Handling DADA2 and Feature table results

Hello, this is my first time working on a bioinformatics projects and I am having trouble making sense of my feature table results.

The summary showed that over 700,000 features were found which sounds unreasonable for 16srRNA data. I thought it was due to primers not being trimmed but my PI explained that removing primers shouldn't be necessary and they are part of the region were interested in V3-V4. Removing primers would also significantly reduce the length from each 250bp sequence.

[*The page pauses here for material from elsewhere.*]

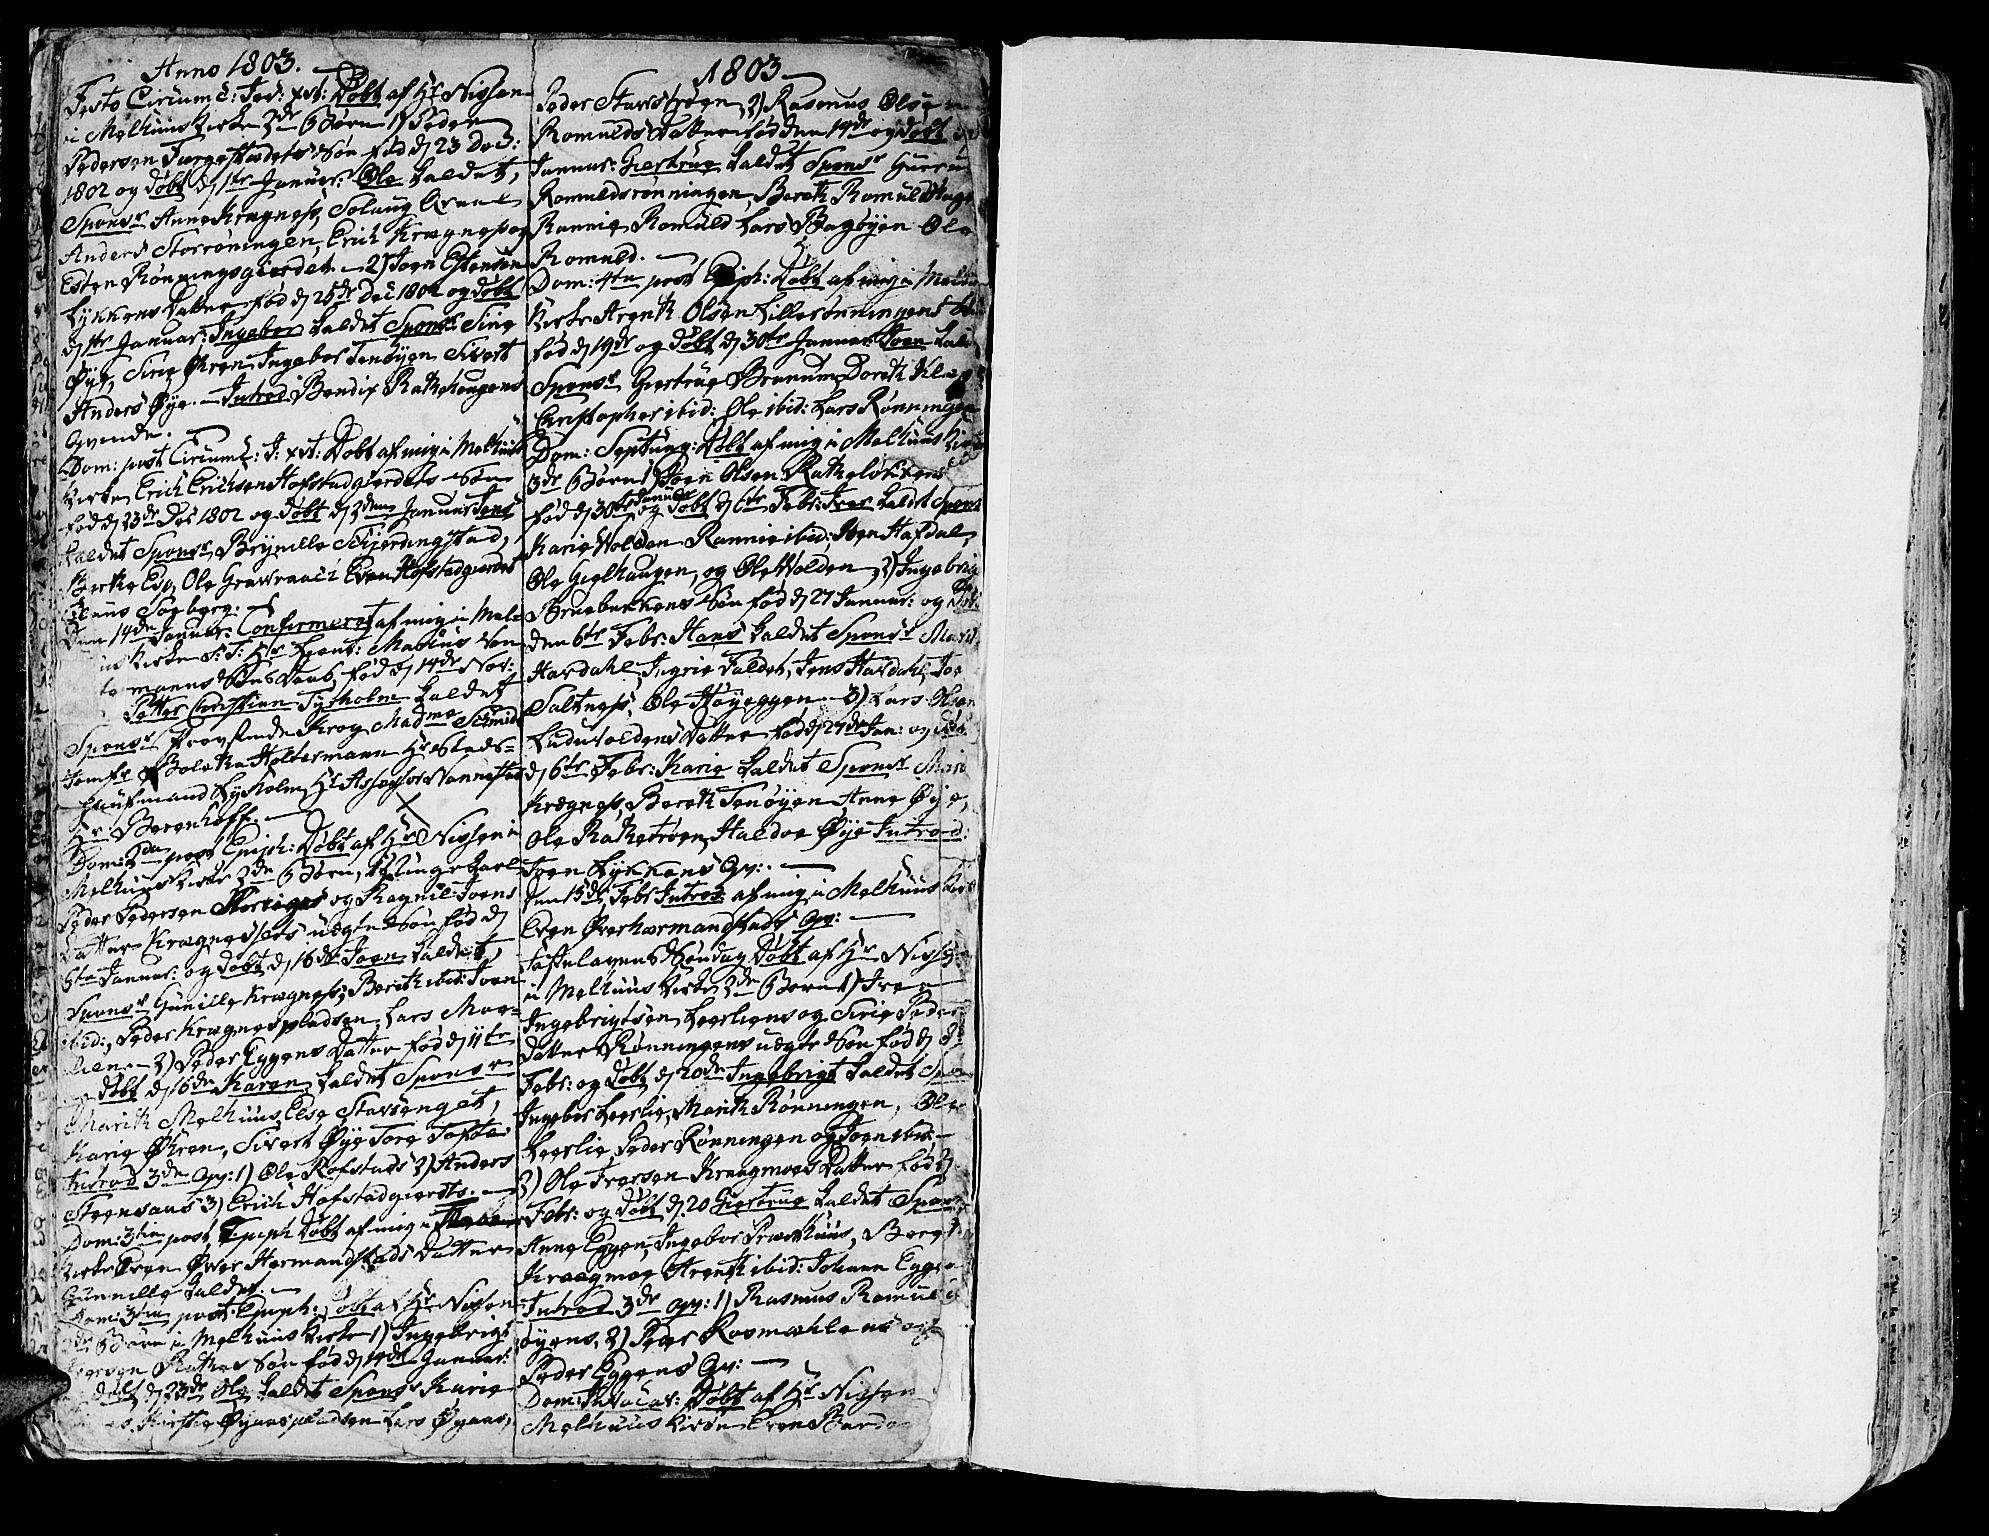 SAT, Ministerialprotokoller, klokkerbøker og fødselsregistre - Sør-Trøndelag, 691/L1061: Ministerialbok nr. 691A02 /1, 1768-1815, s. 22

The quality of the data is high so this is what my PI suggested I do with the parameters rather than trimming:

qiime dada2 denoise-paired
--i-demultiplexed-seqs .qza
--p-trim-left-f 0
--p-trim-left-r 0
--p-trunc-len-f 0
--p-trunc-len-r 0
--p-n-threads 30
--p-max-ee-r 5
--p-max-ee-f 5
--p-min-fold-parent-over-abundance 5
--o-representative-sequences asv-sequences-3.qza
--o-table feature-table-3.qza
--o-denoising-stats dada2-stats3.qza

I understand these parameters allow dada2 to be more lenient but I wanted to make sure if my issue really is the presence of the primers and what options I have to handle it. Thank you!

Hello! Welcome to the forum!

Do you mean 700,000 unique ASVs (very high), or is it the total count of all ASVs with repeats (not surprising)? I assume that reads are merged by the overlapping region, not just concatenated (possible in dada2 R version).

Still, removing primers is recommended - they may introduce false variability, increase false positives at the chimera detection step and affect dada2 outputs. I would trimm them with cutadapt before dada2. Yes, it will reduce the length, but it will increase the quality of the analyses. Reduced length will not affect merging step.

Parameters suggested by your PI looks good, you can try them, but I still would remove primers.

2 Likes

Thank you for your response! Yes that's the number of unique ASVs. I will go ahead and remove the primers as suggested.

Can you also check if barcodes were removed from the sequences during the demultiplexing step?

yes the data was already demultiplexed with bar codes removed before importing to qiime

Thank you for your help removing the primers really helped! The ASVs are now 14,000 instead. I wanted to confirm a few concepts though. The lengths are now 227 for the forward read and 224 for the reverse read after primer removal so the merged length decreased from the expected coverage of 450-480bp for the V3-V4 region is that normal? I understand primer removal is an initial step for analysis and the reasons I have read was because it introduces artificial variance and inflation of diversity which is what happened in my case but aren't primers natural part of the amplified region and the sequencing facility would use one set with degenerate bases to match the natural sequence? I guess my followups are why do primers introduce this high variance if they are part of the amplified region and is it acceptable to shorten the merged length to bellow 450-480bp? Thanks again!

3 Likes

Looks much better than 700.000 unique ASVs!

It depends on how the coverage region is calculated. If it includes the primers, then yes, trimming them should decrease the length. For me, merging stats are more important, especially compared to the number of reads retained after filtering step.

I think that this part of your question "degenerate bases" is the key. Yes, primers are the part of biological sequence but they are designed to target as much of bacterial 16S rRNA gene sequences as possible, ideally all of them at the same time. So they include degenerate bases (googled the figure):

It means that primers are a mixture of highly similar but distinct sequences. Having them in ASVs, even from the same species, may lead to artificial variance because several variants of the same primer can target the same DNA sequence.

Because primers contain degenerate bases and are not 100% specific. To the second part, yes, it is acceptable considering that the length of the V3-V4 region varies between the species, and you trimmed the primers. Again, I would check if merging the stats looks good.

Best,

3 Likes

Forgot to add that you should compare not only the number of unique ASVs, but also the total frequencies. Relatively small differences between total frequencies and big differences between unique ASVs numbers would by a good sign for me, while big differences between total frequencies should alarm regarding possible loss of sequences due to merging/filtering steps.

3 Likes

That makes much more sense now thank you! I checked the total frequencies haven't changed much after removing the primers just the unique features so I continued the analysis and it looks good!

This topic was automatically closed 31 days after the last reply. New replies are no longer allowed.